Working piston: stroke = 8 mm; diameter = 20 mm; length = 14 mm
Displacer: stroke = 15 mm; diameter = 60 mm; length = 70 mm
Construction manual and technical drawings for this machine on inquiry about email in:
We observe 1 revolution of the engine after Fig. 9
Fig.12 is identical with Fig.9, however, represented here on a cross section for a better presentation of the positions of displacer and working piston. Fig.12 shows the starting position at the crankshaft angle 0 °. In the following 3 pictures the machine has rotated further always 90 ° crank angle. Then the machine reaches the starting position again like in Fig.12.
Further type of the Stirling engine: the a-type Stirling engine
Fig.11 shows the so-called b-type Stirling engine, which is characterized by that its displacer and its working piston are accommodated in one space. The b-type Stirling Engine is a 1 cylinder machine. This engine is built for small to middle power. Besides there is the 2-cylinder 2-piston machine, that is the so-called a-type Stirling engine, which is built for middle to large power. Since this Homepage reports of the new development of a quadruple working a-type Stirling engine, also the function of this engine type is to be discussed. Fig.16 shows the most important details of the a-type engine.
In Fig.16 we see two cylinders standing right-angled too each other, the expansion cylinder and
the compression cylinder. Their pistons and their piston rods are working on a common crankpin.
Because of this 90 ° arrangement of the two cylinders this a-type
Stirling engine is called the "V"- engine. The crankshaft is not well visible in
this picture. This engine also needs a flywheel. At the left cylinder head a heater is attached,
here represented by a flame and a bundle of tubes. The right cylinder head is cooled, before its
cylinder head a cooler is connected. The other connecting piece between the cooler and the heater is the
so-called regenerator, whose meaning we discuss further down.
With a lot of a-type Stirling engines the working cylinder is
not heated itself, but as it is shown, between the cylinder head and the Regenerator a separate
heater is set, like in Fig.16. This heater exists of many thin tubes connected to a bundle.
The air flows through the heater tubes into the expansion cylinder and is heated up thereby. The meaning of the heater is
described in the chapter The heat transfer to the working fluid. The cooler also exists of
many thin tubes and is surrounded by a water jacket for cooling the air in the tubes.
Also in this Stirling engine the heating and the cooling occurs like with the b-type
Stirling engine at the same time. We recognize that
there is no "displacer" within the a-type Stirling engine.

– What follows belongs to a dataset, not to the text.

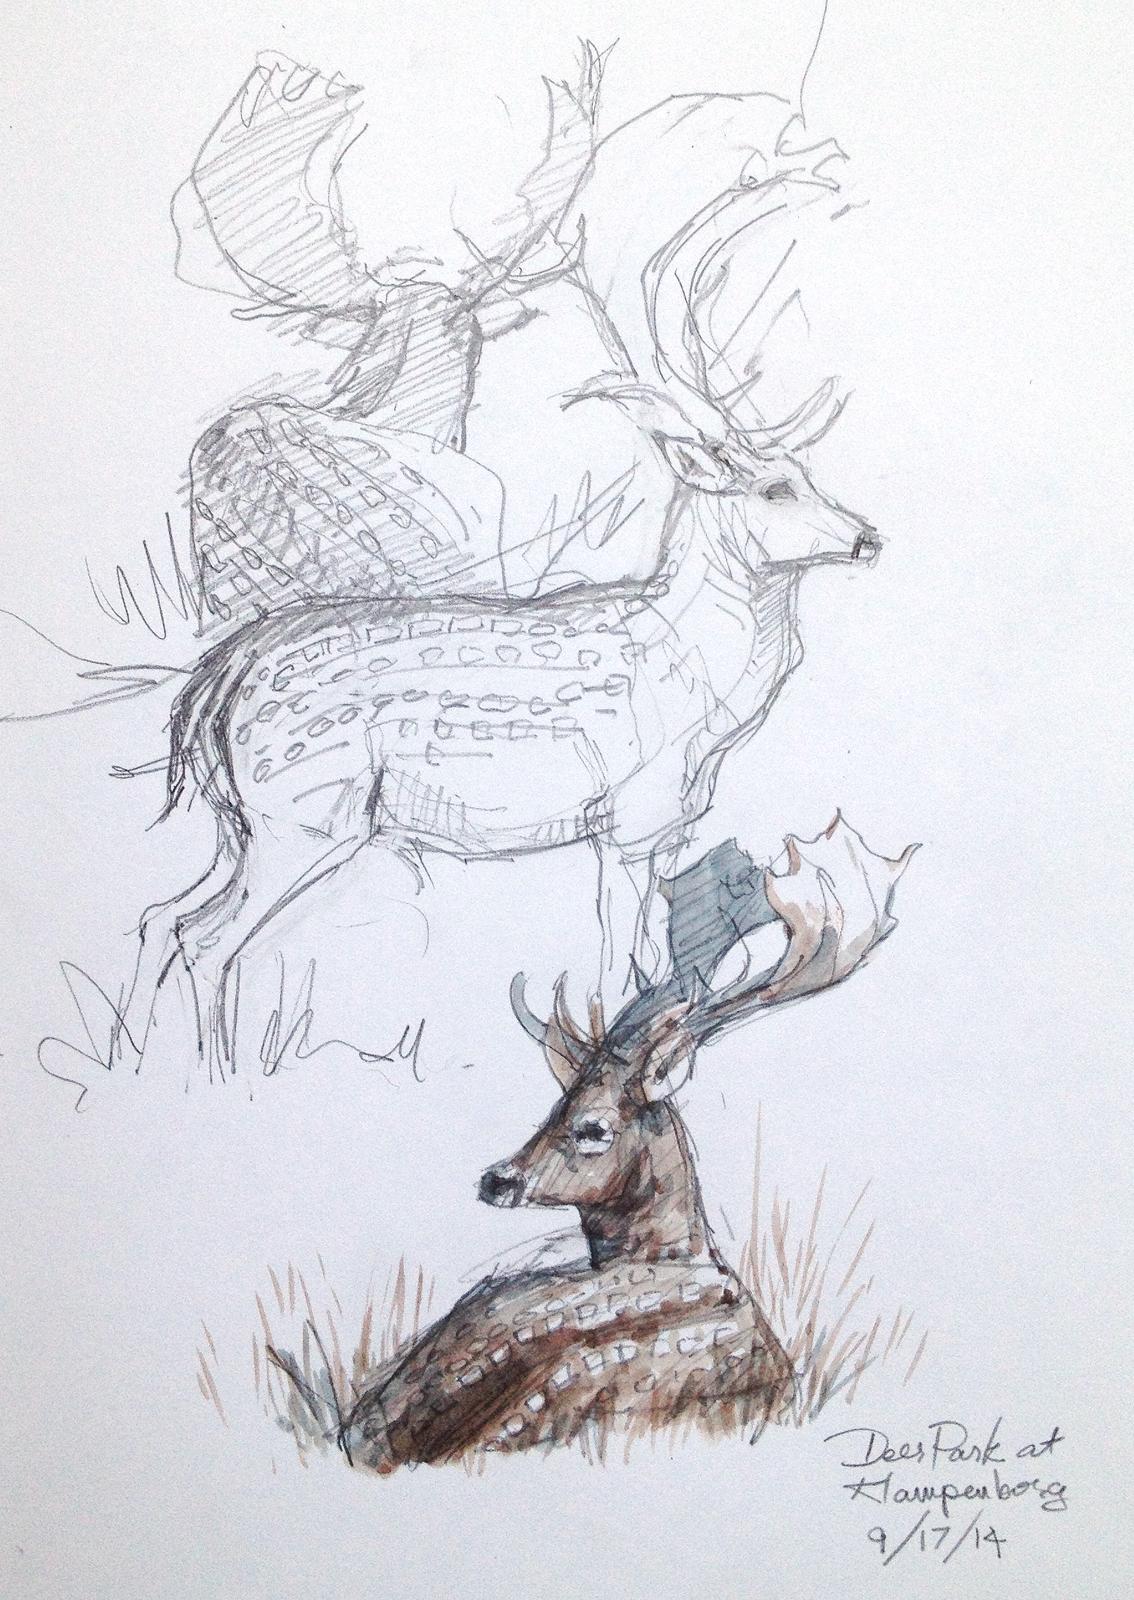 denmark sketchbook 2014  u2013 drawing the motmot

The function of this motor type is to be described like above the b-type stirling engine at 4 crank angle positions. We will see how both pistons push the air at the right time in the cold or in the hot cylinder of the a-type engine, so that the machine can do benefit work:
Fig.17 (1) is the starting position for the explanation. The piston of the expansion cylinder stands in the upper dead center. In this position the crank angle of 0 degrees should be defined. Most air is in the cold compression cylinder. Now the marked rotation direction can be maintained only by the rotation energy of the flywheel. (If a stop would be in this position, then the pressure on the piston of the compression cylinder would set the machine in motion exactly against the marked rotation direction - however this only for approx. 3/8 revolution. See also the following explanations to Fig.18)
Fig.17 (2) rotations 1/4 further: Crank angle position 90 degrees:
An exchange of the air from the
compression cylinder and cooler over the regenerator has taken place into the expansion cylinder.
Now in the expansion cylinder this mass of air is heated up, and, as we know from the above experiment,
the gas pressure has strongly risen by the heating in the machine, it is considerably higher than
the pressure in the machine at the starting position in Fig.17 (1).
In both crank angle positions (Fig.17(1) and (2) ) the air volume is as big in the machine, only the now bigger
mass of the air in the hot expansion cylinder has caused the increase of pressure -Fig.17 (2).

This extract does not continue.